# WORK TO BE COMPLETED:
Output each line of the data below exactly, omitting any image.

# DATA SECTION:
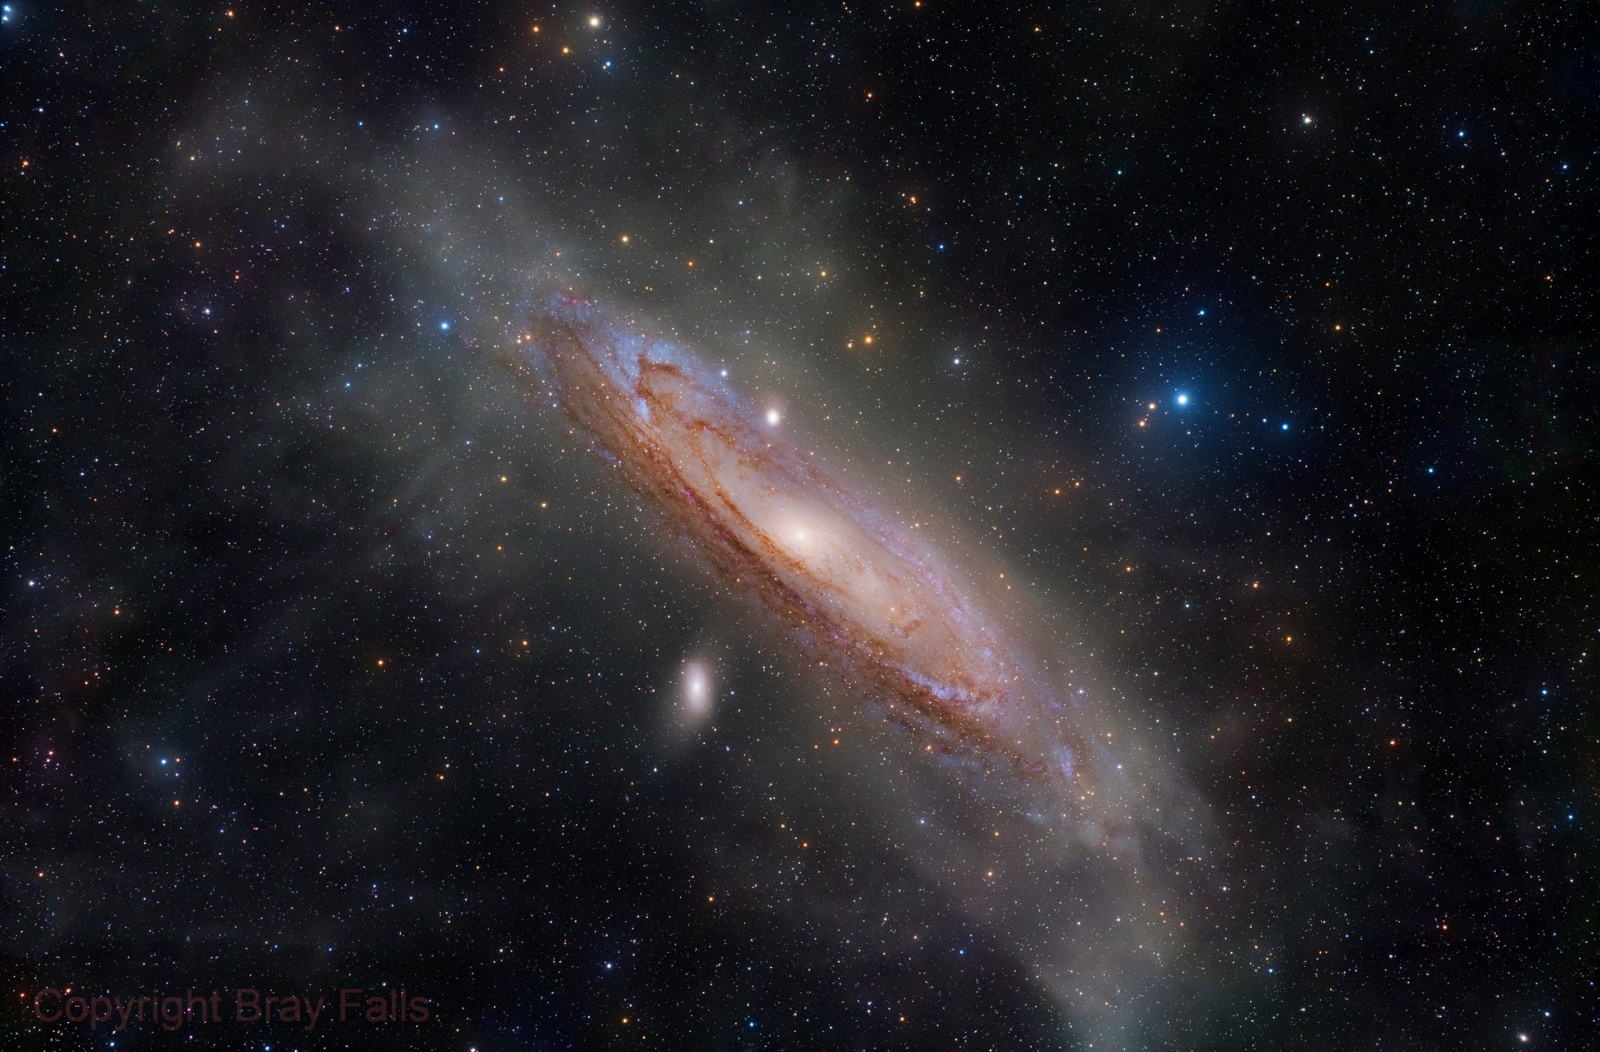 Астрофотоснимок Галактики Андромеды полученный со сверхдлительным накоплением света. На изображении видны внешние — практически незаметные во время прямых наблюдений — области спиральных ветвей и (частично) сферического гало этой галактики. Автор фотоснимка Bray Falls  
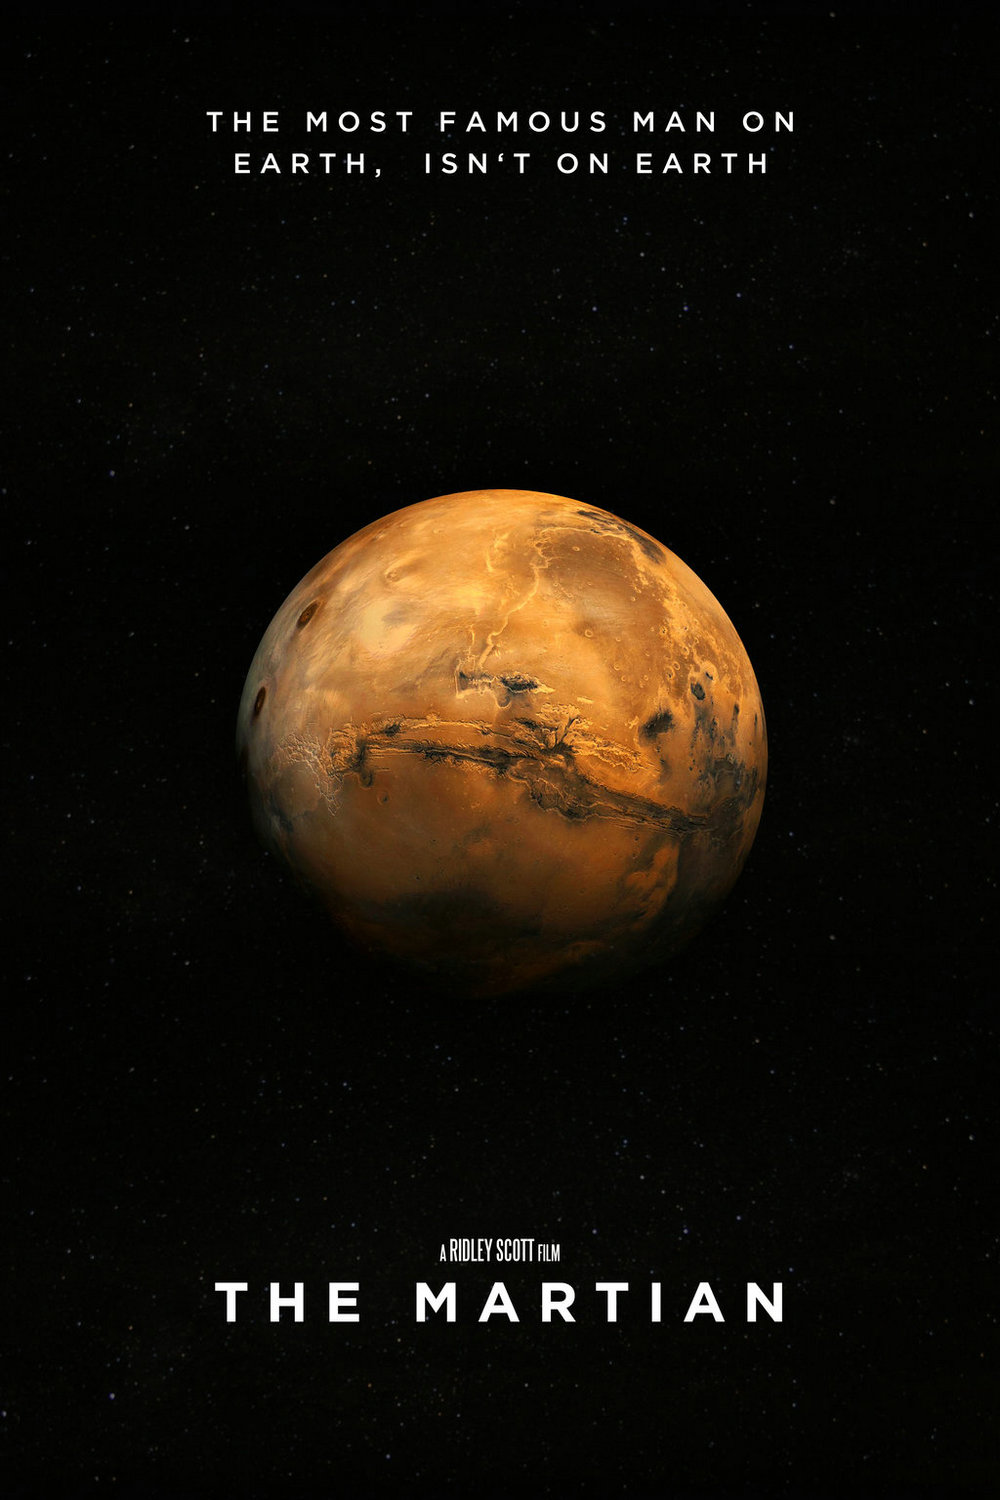 The-Martian
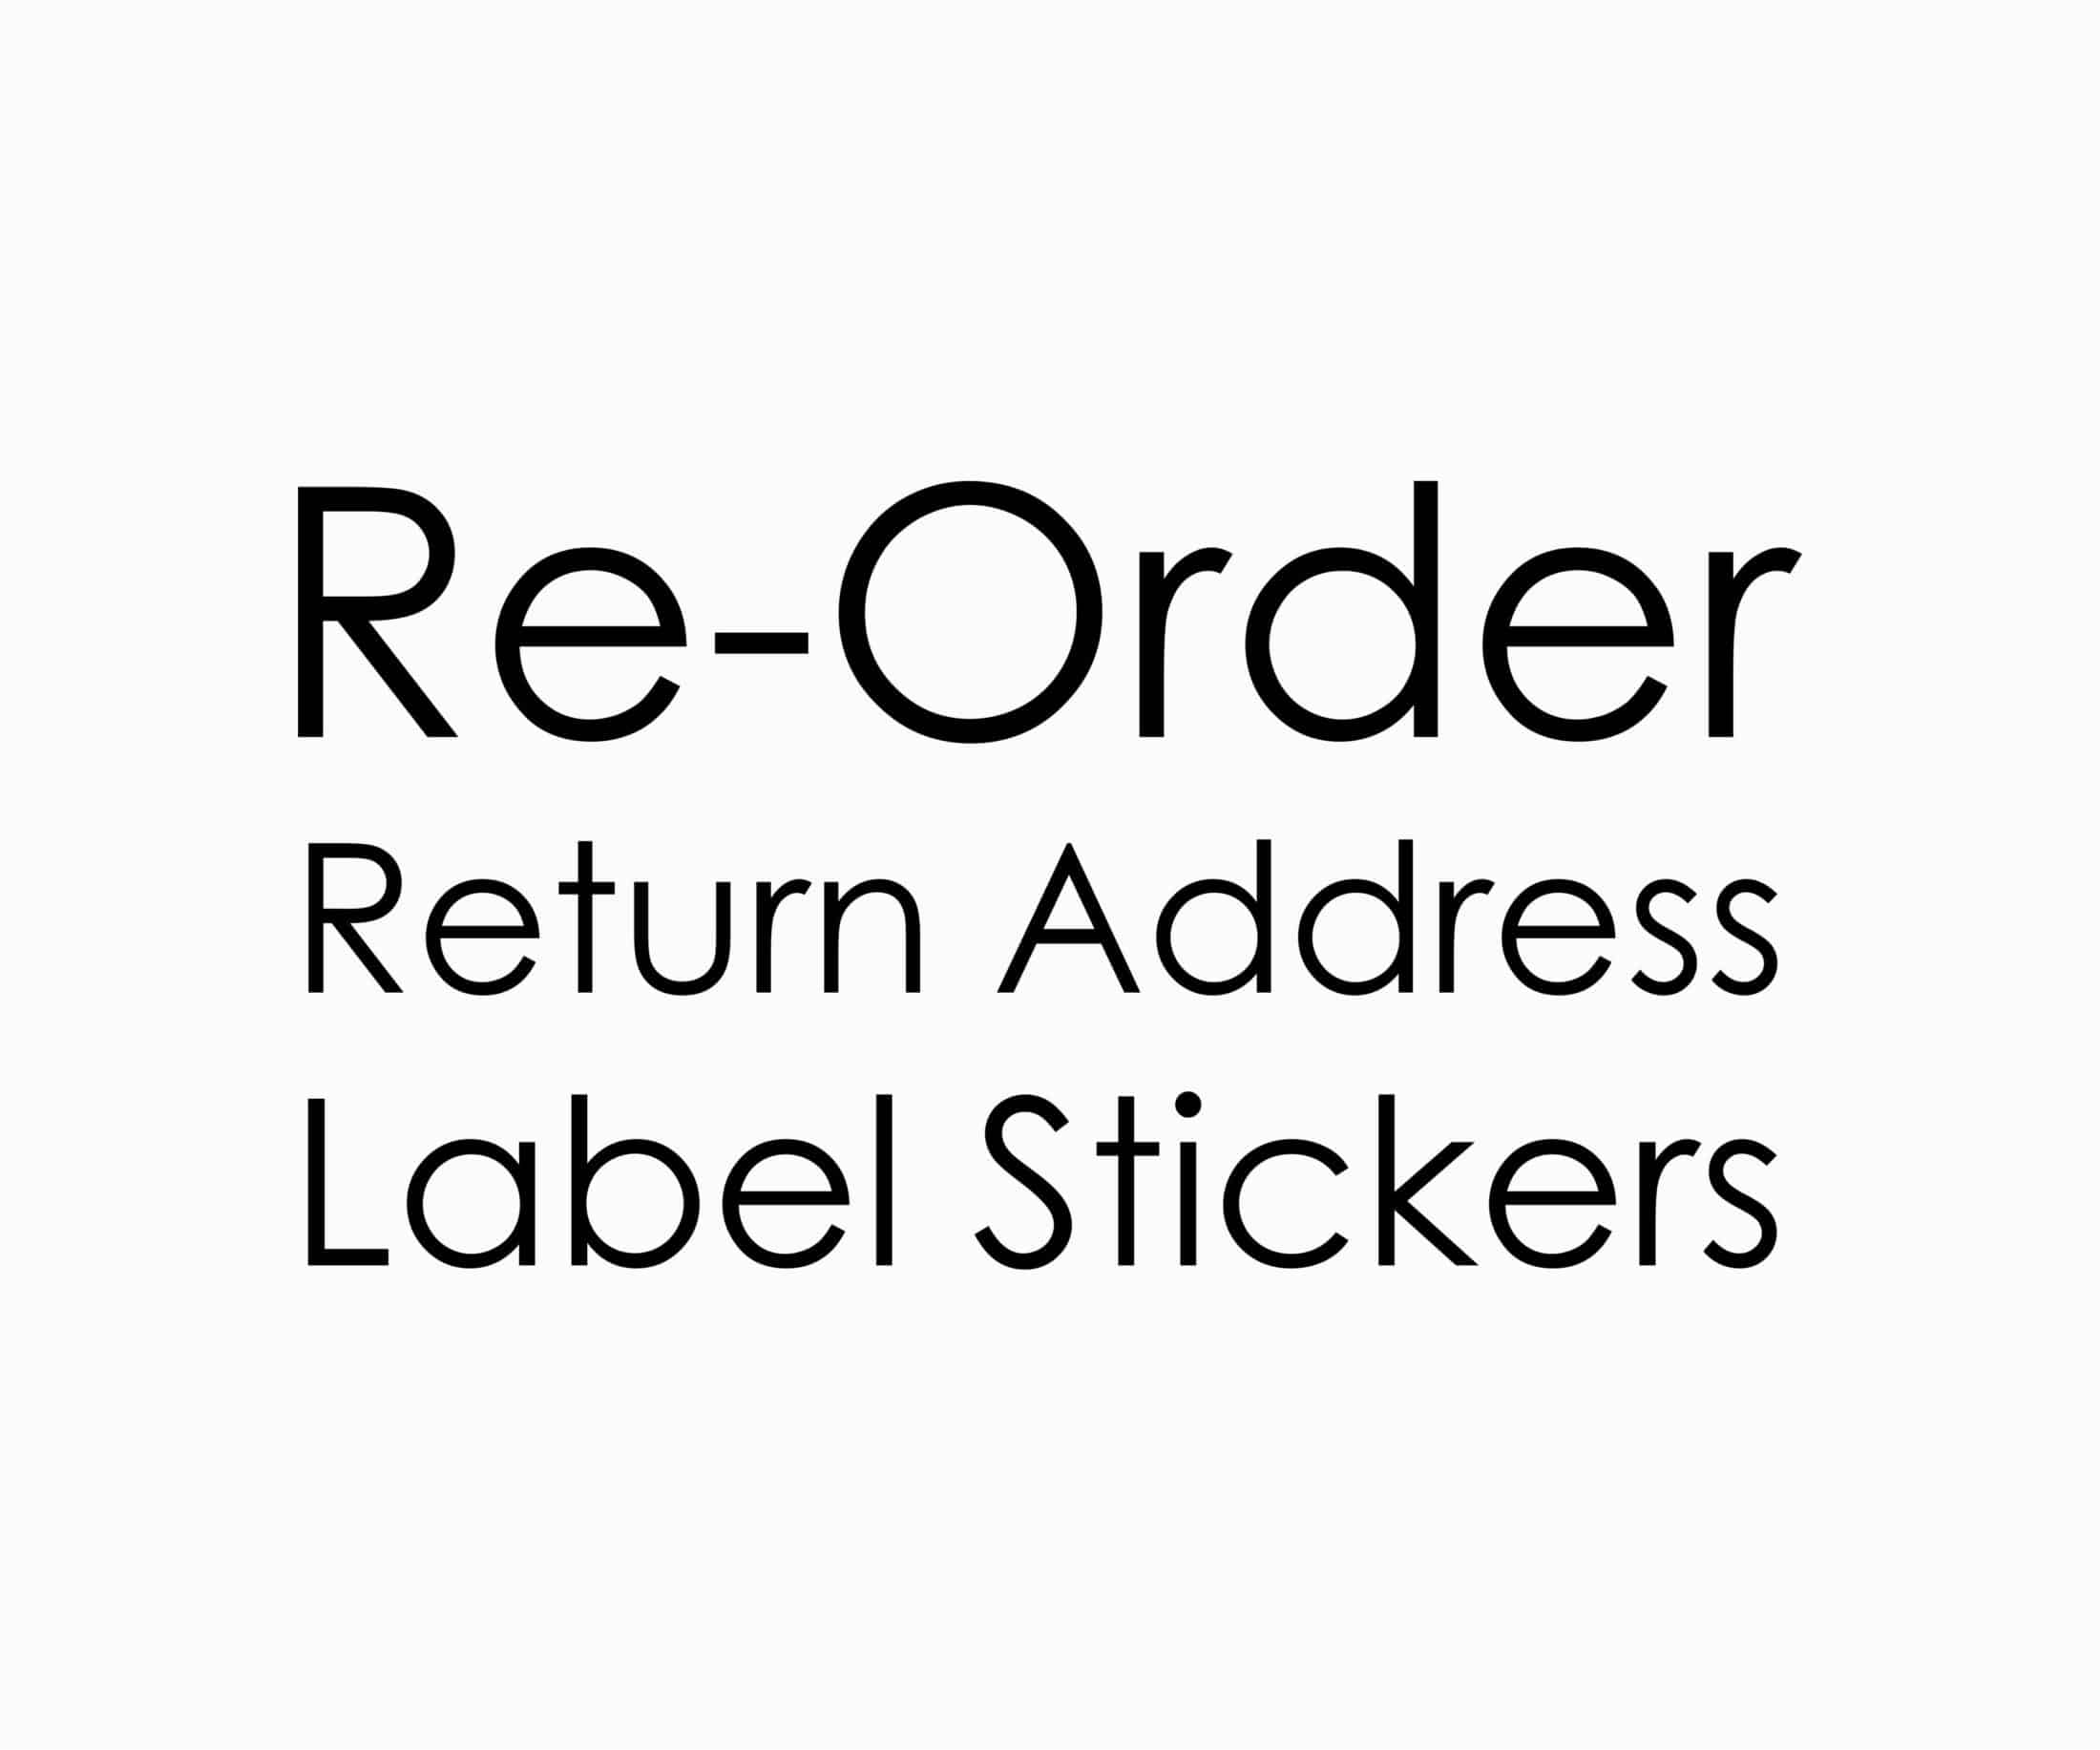 Reorder Reorder Return Address Labels.

# RESPONSE:
 Астрофотоснимок Галактики Андромеды полученный со сверхдлительным накоплением света. На изображении видны внешние — практически незаметные во время прямых наблюдений — области спиральных ветвей и (частично) сферического гало этой галактики. Автор фотоснимка Bray Falls  
 The-Martian
 Reorder Reorder Return Address Labels.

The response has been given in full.